Rusya ile, İsrail ile, başka herkesle ilişkilerimizin bozulmasının tek bir nedeni, kaynağı var: Tayyip Erdoğan! O halde düzelmesinin de tek bir nedeni, kaynağı olacak: Tayyip Erdoğan.
Olan da bu zaten: Cumhurbaşkanı o gün öyle münasip gördü, bugünse böyle münasip görüyor.
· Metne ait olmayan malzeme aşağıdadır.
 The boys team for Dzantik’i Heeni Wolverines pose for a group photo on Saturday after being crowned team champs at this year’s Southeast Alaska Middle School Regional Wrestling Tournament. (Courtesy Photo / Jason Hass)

Rusya'nın uçağını düşürdük, ticaret durdu, turizm durdu. Hepimizi etkileyen, etkilemeye devam edecek bir durum; ama "işin içinde" olanlar, örneğin Antalya'da turizm yatırımı yapmış olanlar açısından bugünkü durum yeterince berbat. Rusya'da adam "Bir günde her şey değişecek değil" diyor. Haklı. Yani bu uçak düşürme olayının sıkıntıları daha bir süre devam edecek.
Ortada "Tayyip Erdoğan kişiliği" diye son derece önemli bir etken var. Bildiğimiz Tayyip Erdoğan öyle kolay kolay özür dilemez kimseden. Ama Putin'den özür dilemiş. O ve trolleri "Hayır, bu özür dilemek değildir" anlamına gelen şeyler söyleyeceklerdir şüphesiz. Bu da "düzeldi" denilen ilişkilerin gerçekten düzelmesini güçleştirecektir. Ama "iç politika" denen bir şey var ve Tayyip Erdoğan'ın yurt içinde çizmeye özen gösterdiği bir "kişilik imgesi" var.
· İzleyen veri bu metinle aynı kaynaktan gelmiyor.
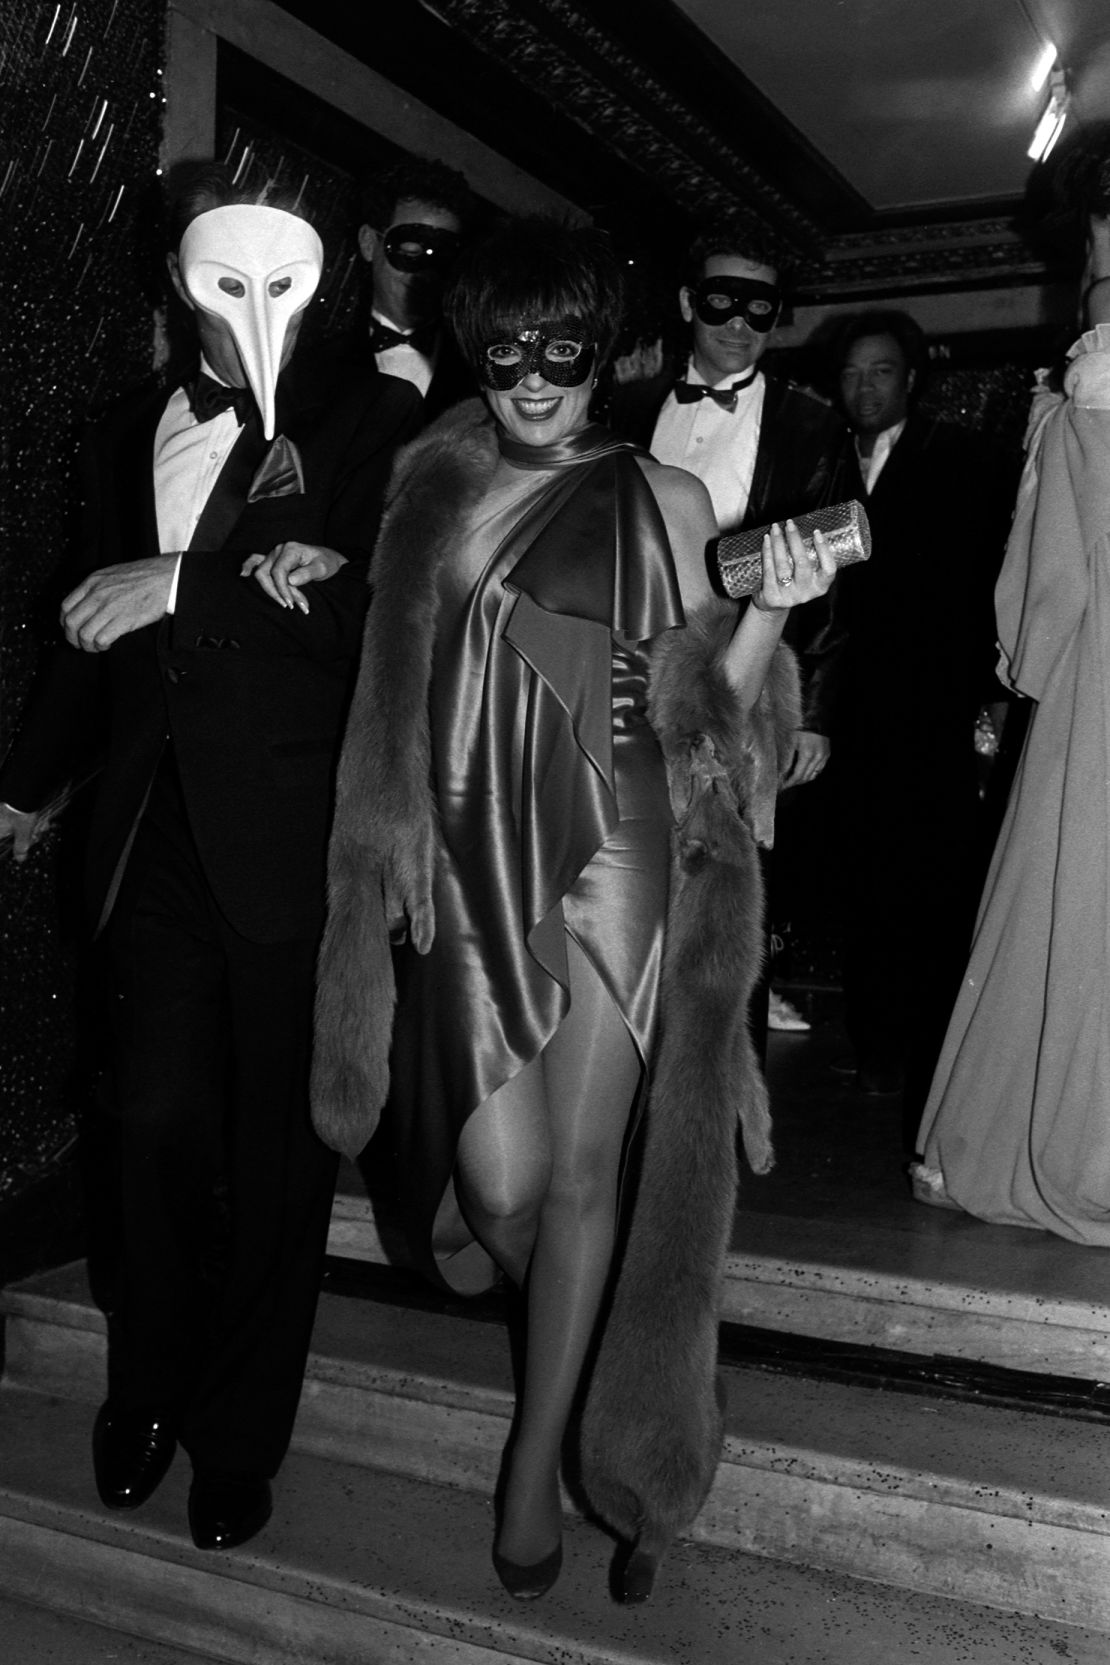 Halston and Liza Minnelli arrive at the Diamond Horseshoe club for a Halloween party in 1988.

Bunlar kolay vazgeçilir şeyler değil. Bakalım, bu "diledi/dilemedi" faslı hangi eğlenceli biçimlere bürünecek.
Evet, soru: Bu kadar kötü şey (kimileri için düpedüz "yıkım") olmadan bu "özür dileme" işi çözülemez miydi?
Bugün "özür dileme"ye zorlayan koşullar o günden görülemez miydi? O gün, düşürülen uçağın hemen ardından özür dilemek çok daha doğal ve "insani" bir davranış değil miydi? O gün bu işlerin yapılması bugün olduğu gibi bir "burunlarını sürttük" havasına yol açar mıydı? Rus basınının bizimkini aratmayacak bir "yaratıcılık"la yere kapaklanmış bir Erdoğan imgesi sunması o zaman mümkün olur muydu?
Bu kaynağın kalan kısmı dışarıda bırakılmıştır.